Definition of Interaction Analytics:
Interaction analytics begins with raw data – multichannel interactions, such as chat transcripts, social media posts, recorded contact center calls, SMS, emails, and other – and transforms it into structured data that can be sorted, filtered, searched and analyzed to better understand your customer interactions and customer satisfaction.
Notably, interaction analytics do not stand on their own; rather, they’re most often leveraged to boost contact center performance and improve the overall customer experience.
How to Improve Interaction Analytics
The simplest way to improve your interaction analytics is through specialized interaction analytics software, which not only records data, but also analyzes it on your behalf.
The process is simple: Interaction analytics software will evaluate your interactions across all customer communications channels, including contact center calls, chats, and emails, as well as SMS text messages, social media posts, and more. The result is comprehensive analytics that represent a complete picture of your company’s customer interactions.
What’s more, the best software will not only capture your interactions, but it will convert them into an easily analyzed format (e.g. text) and make analysis easy through:
- Performance scoring
- Free-form search and playback
- Contact evaluation for various metrics, including sentiment/acoustics, categorization, and performance scoring
- Evaluation and comparison of key metrics, via data visualization
- Auto topic analysis to determine root cause and identifying outliers
- Measurement of key performance indicators across channels
- Easy extraction of analytics data
Examples of Interaction Analytics
Interaction analytics case studies easily demonstrate the immense value of proper analytics – and their implementation in improved customer service and experience, as well as in internal processes.
For example, vacation club management company Bluegreen Vacations was able to leverage interaction analytics to improve CSAT by 26%, improve agent quality scores by 19%, increase sales performance by 48%, and achieve ROI in under a year. Conclusion: Bluegreen Vacations turned their contact center operations from cost center into profit center.
In another example, English language-instruction company Open English was able to use interaction analytics to reduce silence and call avoidance, improve their call efficiency, increase marketing effectiveness, and boost sales performance.

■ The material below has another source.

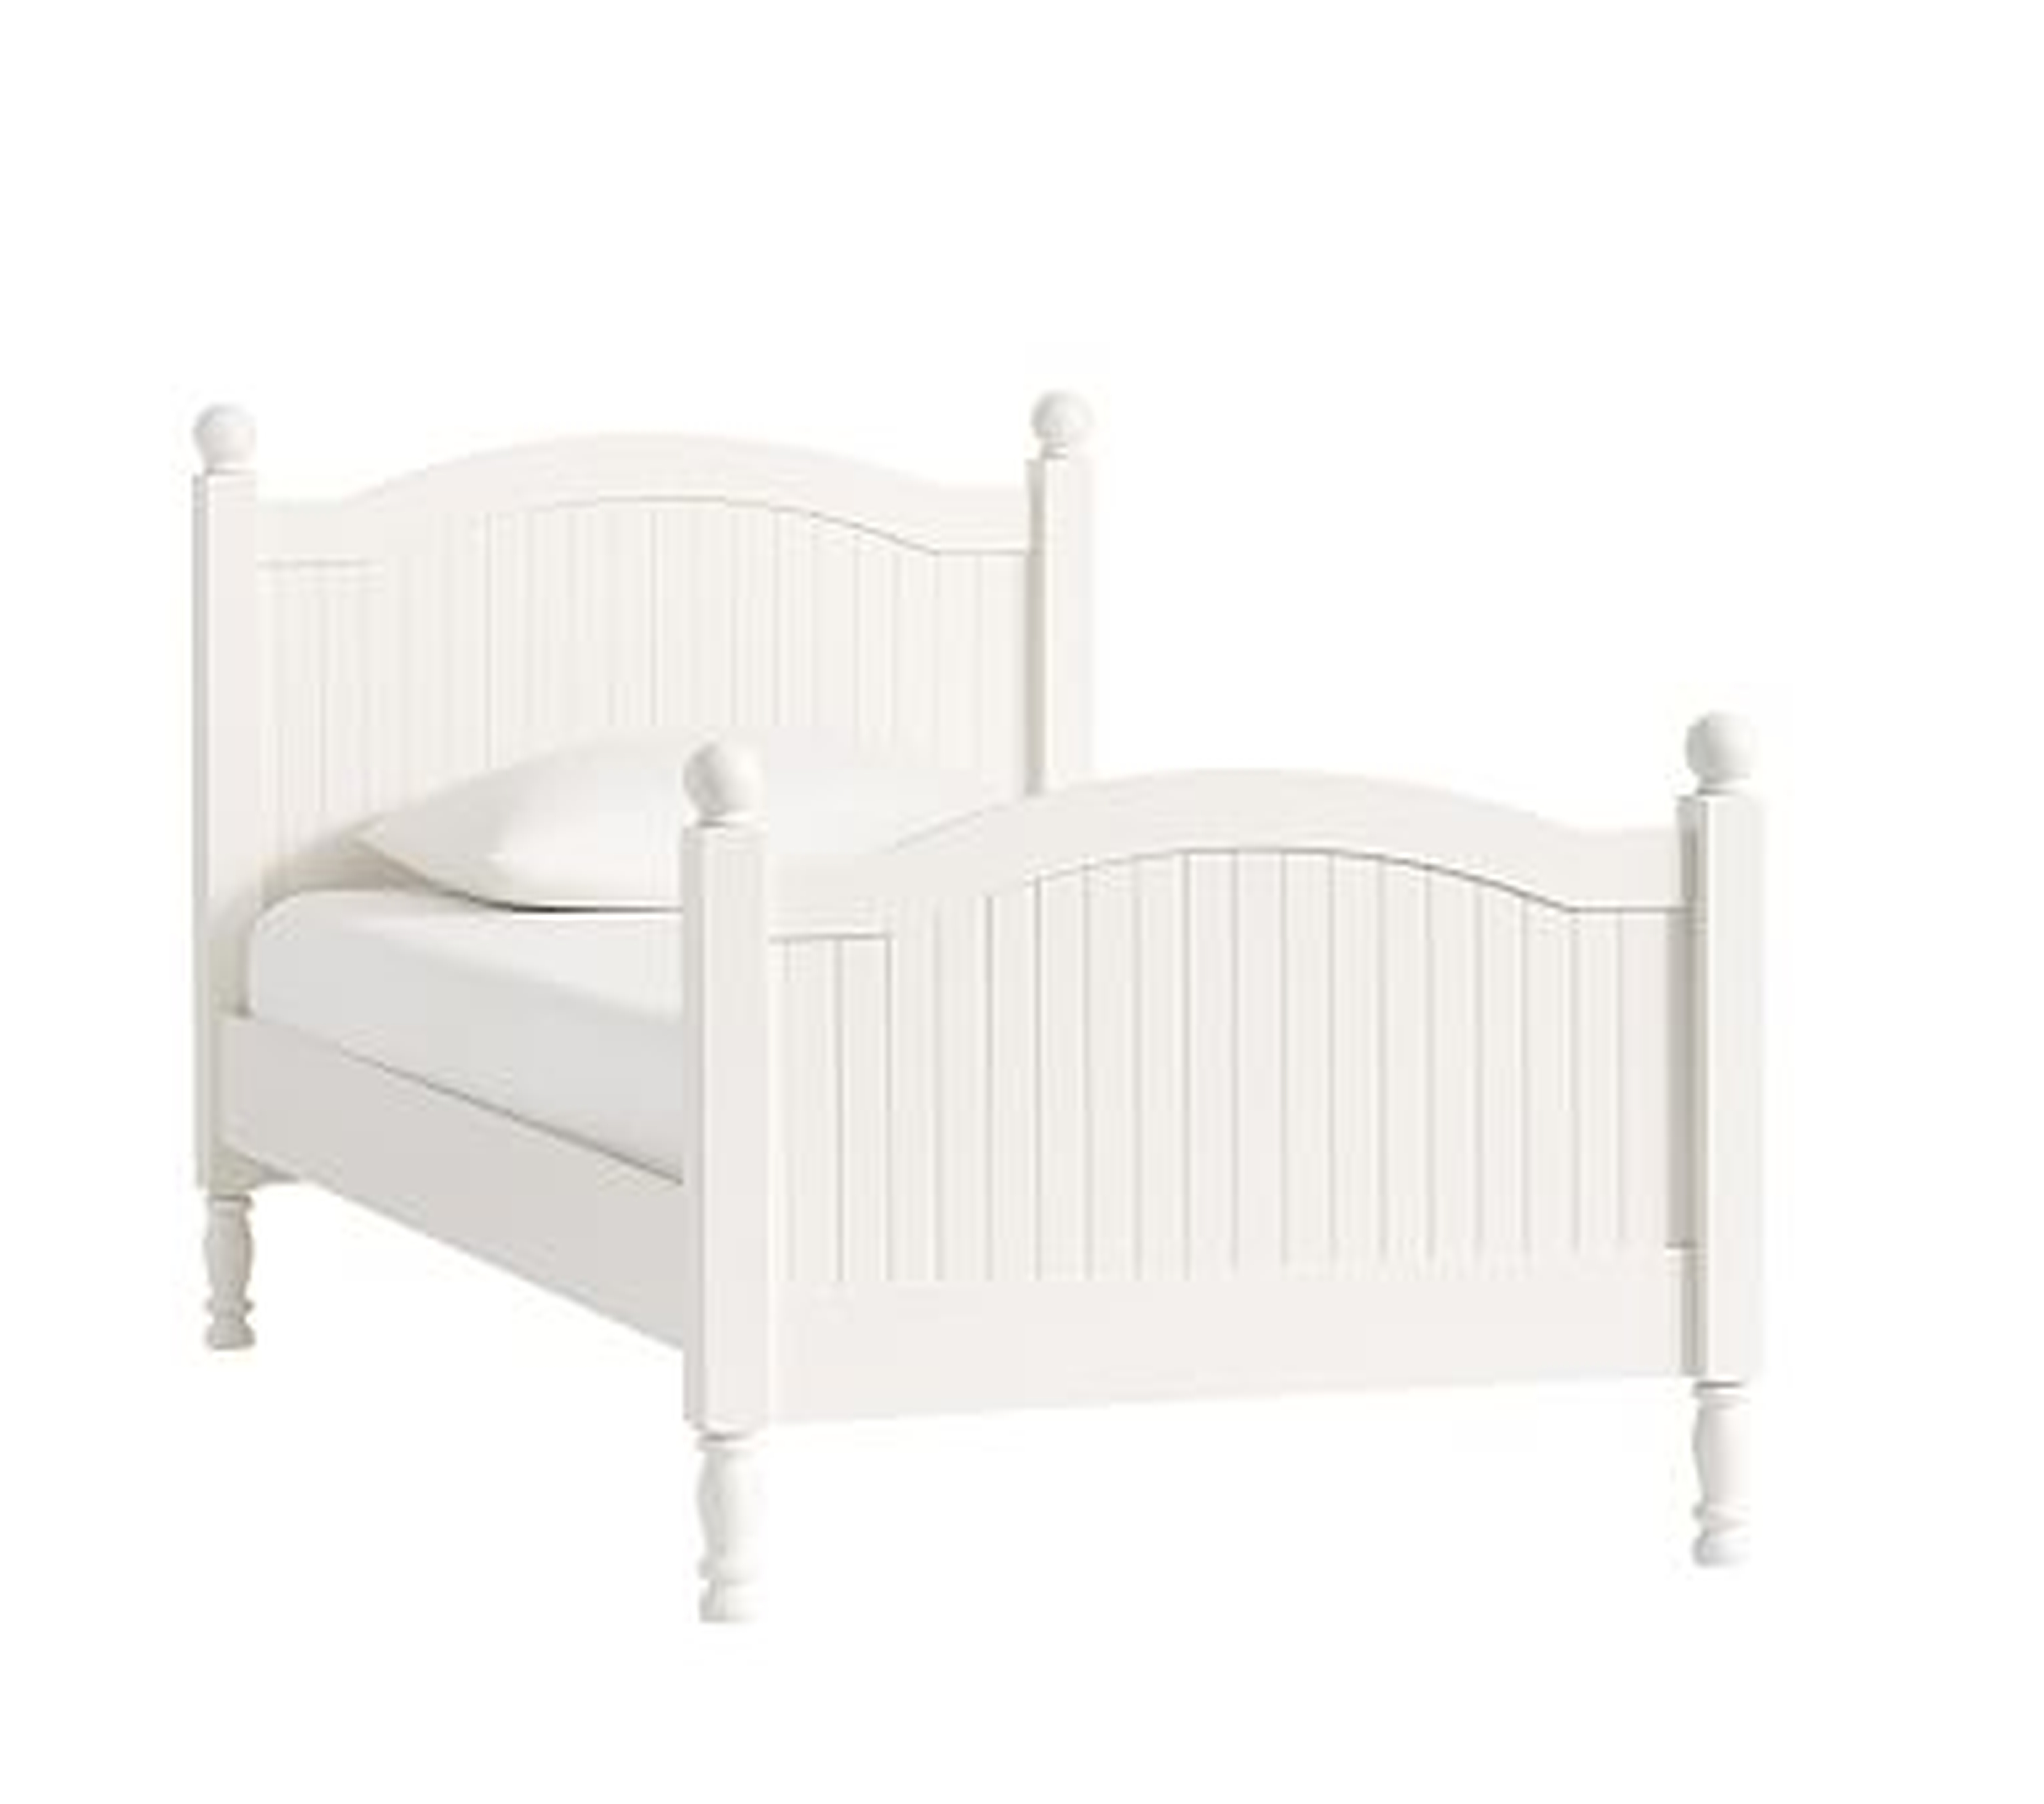 Catalina Bed, Twin, Simply White - Pottery Barn Kids

Benefits of Interaction Analytics
Leveraged well, interaction analytics not only improve customer satisfaction, but also help your company become more efficient and profitable. By capturing and analyzing multi-channel interactions, you can:
- Improve Customer Experience: Take the guesswork out of improving the customer experience, by identifying areas of improvement, ensuring agent compliance, and share successful behaviors to please customers.
- Identify Agent Training Needs: Use analytics to pinpoint agent coaching and training opportunities.
- Improve Operational Performance: Identify areas of improvement, to not only increase customer satisfaction, but also to improve efficiency and reduce costs.
- Qualify Leads: Follow up quickly on “hot leads,” to close new business and generate revenue.
- Set Better Appointments: Ensure all necessary information is captured for appointments. If data is missing, effect timely customer follow-ups and prevent unnecessary truck rolls.
- Reduce Liability Exposure: Take immediate action on any legal threats, to de-escalate situations and reduce liability exposure for your company.
- Auto-Generate Reports: Compare and contrast analytics, and then create reports to highlight or identify desired information.
Challenges of Interaction Analytics
There are two major challenges to interaction analytics – the how and the what? Specifically, how to gather, compile, and analyze customer interactions; and what to do with the data, once you have it?
Thanks to technology, the how is relatively simple today: robust interaction analytics software can compile the raw data, including audio, email, chats, surveys, social media, and texts. What’s more, good software will auto-analyze your interactions to provide multichannel analysis, giving you immediate insight into your data.
These insights then help define the what – what your analytics say, where your company excels, and where you need to improve. Flexible, ad-hoc analysis of your customer interactions can determine root causes through topic analysis and automatic outlier identification, and can also sift through all your interactions to find certain buzz words/phrases (e.g. “I’d like to speak to a manager.”).
Best Practices for Interaction Analytics
When it comes to interaction analytics, best practices have less to do with the analytics, and more to do with how you use them. The key is to know your customer and know your company: What do your analytics tell you about areas to improve, and what can your company do to improve those areas?
Develop a 360º view of your customer. Use analytics to aggregate customer interactions, transactions, feedback, and agent data, to then build a beginning-to-end picture of the customer journey. Identify how to improve those customer interactions along the way. And, when customers are satisfied, work on how to deliver superb customer service while reducing your costs and increasing profitability.
How is your company leveraging interaction analytics to optimize contact center performance?